Wondering what to plant in your fall garden? Here are 15 cool-weather veggies to plant now!

Just because the summer is drawing to a close doesn’t mean that your garden has to be done for the year; in fact, there are many wonderful cool-weather veggies you can grow in a fall garden, and some of them will grow on into the winter months (or even right through them, depending on your climate).

This short video shares 15 tasty ideas for things you can grow in your garden this fall. Cool-season crops like these grow best in cooler weather, and planting in late summer will give them a good head-start on growth while the soil is still warm.

Root crops, leafy greens, and quick-growing veggies like radishes or green onions are all great choices for the fall garden.
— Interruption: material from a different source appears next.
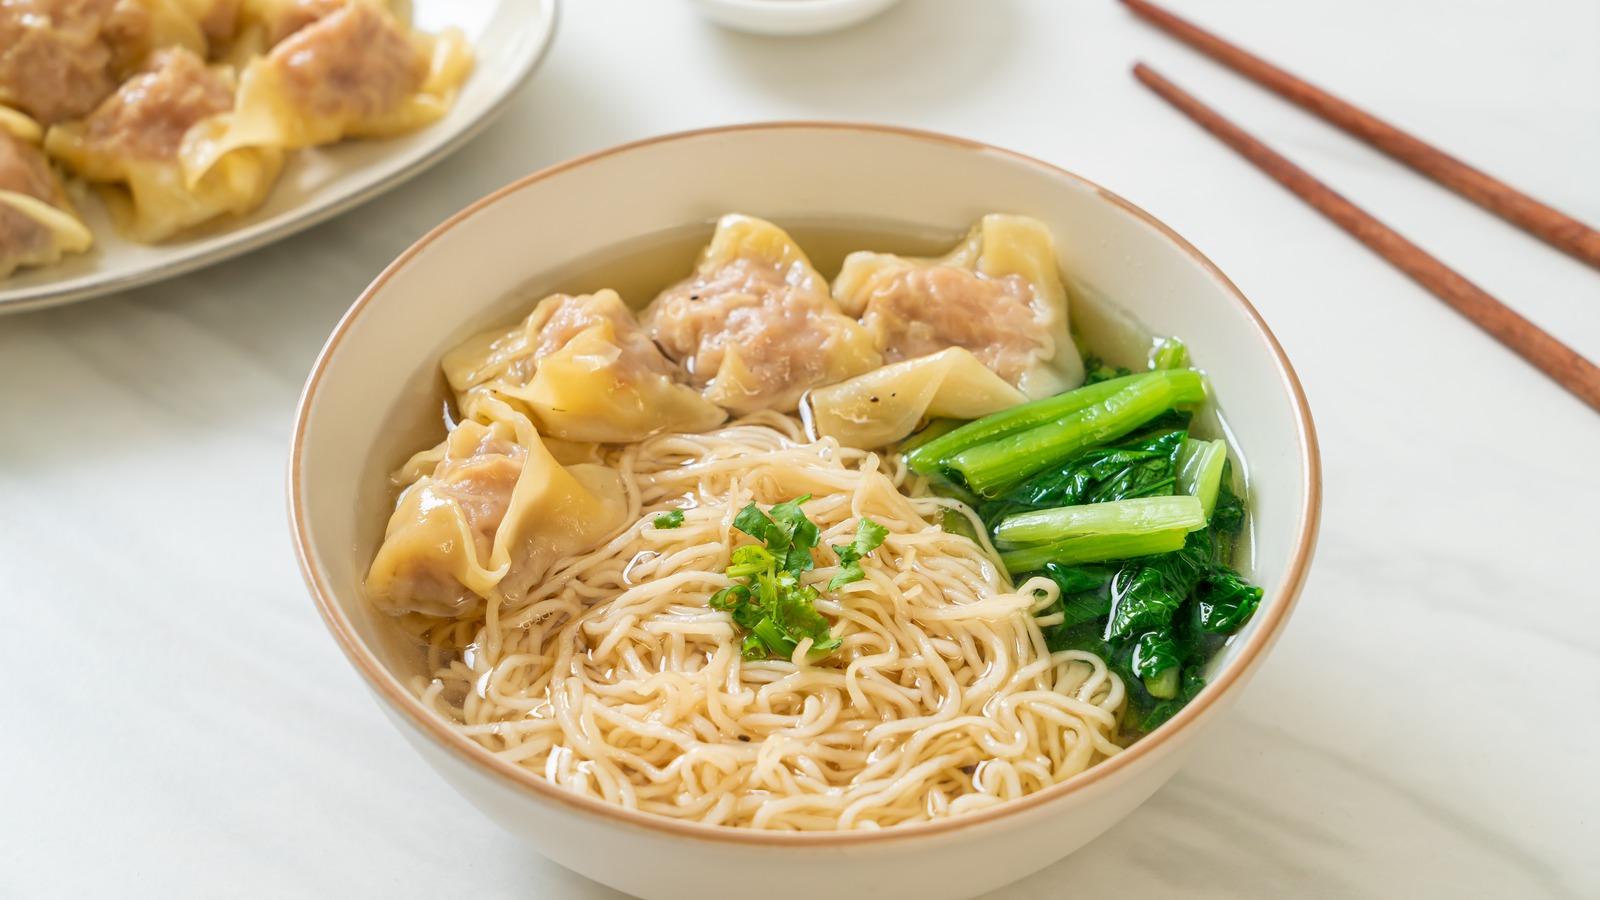 The Key For Making Wonton Noodle Soup That's Not A Mushy Mess

These veggies prefer a cooler climate with temperatures in the 70’s or below. You can direct-sow many of these right in the garden, or if your weather is still hot, start them indoors and plant the seedlings out when temps start to drop below 80 degrees.

Quick-maturing crops like green beans can be planted directly in the garden in late summer for a fall harvest if your growing season is long enough (if you sometimes experience early frosts, start beans a bit sooner in mid-summer, as they won’t survive frost; try this handy fall planting calculator to see if it’s too late in your area).

And brassicas love cooler weather and some (such as kale or cabbage) may even be left in the garden until mid-winter with a bit of protection. Root crops such as carrots, turnips, and parsnips are sweetest when the weather cools, and most hardy varieties may be mulched well and then harvested to enjoy in the dead of winter.

Watch this for some quick ideas for what to plant right now for a fall (or winter) harvest!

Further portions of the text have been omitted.